Em resumo: um bom advogado não é um custo a mais. É o que transforma um processo potencialmente desgastante em algo rápido, seguro e definitivo.
Perguntas frequentes
Posso fazer inventário extrajudicial sem advogado? Não. A lei é clara. Quem afirmar o contrário está equivocado.
A escritura tem a mesma validade de uma sentença judicial? Sim. O art. 610, § 1º, do CPC é expresso: a escritura é documento hábil para qualquer ato de registro, sem necessidade de homologação judicial.
Existe prazo para abrir o inventário? Sim. O prazo é de 60 dias a contar do falecimento, conforme o art. 611 do CPC. O atraso não impede a abertura, mas pode gerar multa sobre o ITCMD, conforme a legislação estadual. Em PE, a Lei nº 13.974/2009 prevê acréscimos moratórios após esse prazo.

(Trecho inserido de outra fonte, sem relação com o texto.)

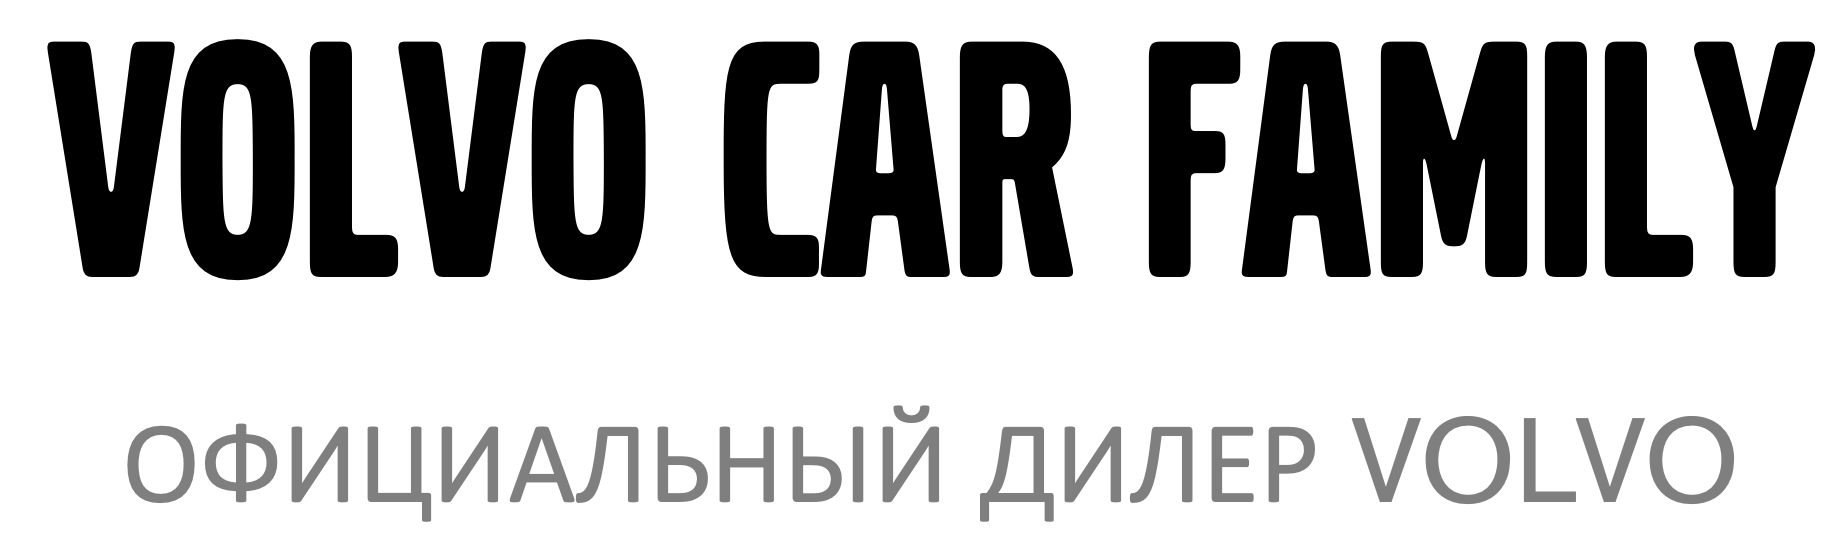 Карс фэмили санкт петербург. Вольво кар Фэмили. Volvo car Family Санкт-Петербург. Car Family логотип. Volvo car Family Санкт-Петербург Жукова.

E se algum herdeiro estiver no exterior? Ele pode se fazer representar por procurador com poderes específicos, constituído por procuração pública.
Inventário extrajudicial serve para imóvel rural? Sim, desde que os demais requisitos estejam presentes. Serão necessários também o CCIR (Certificado de Cadastro de Imóvel Rural) e a certidão negativa de ITR.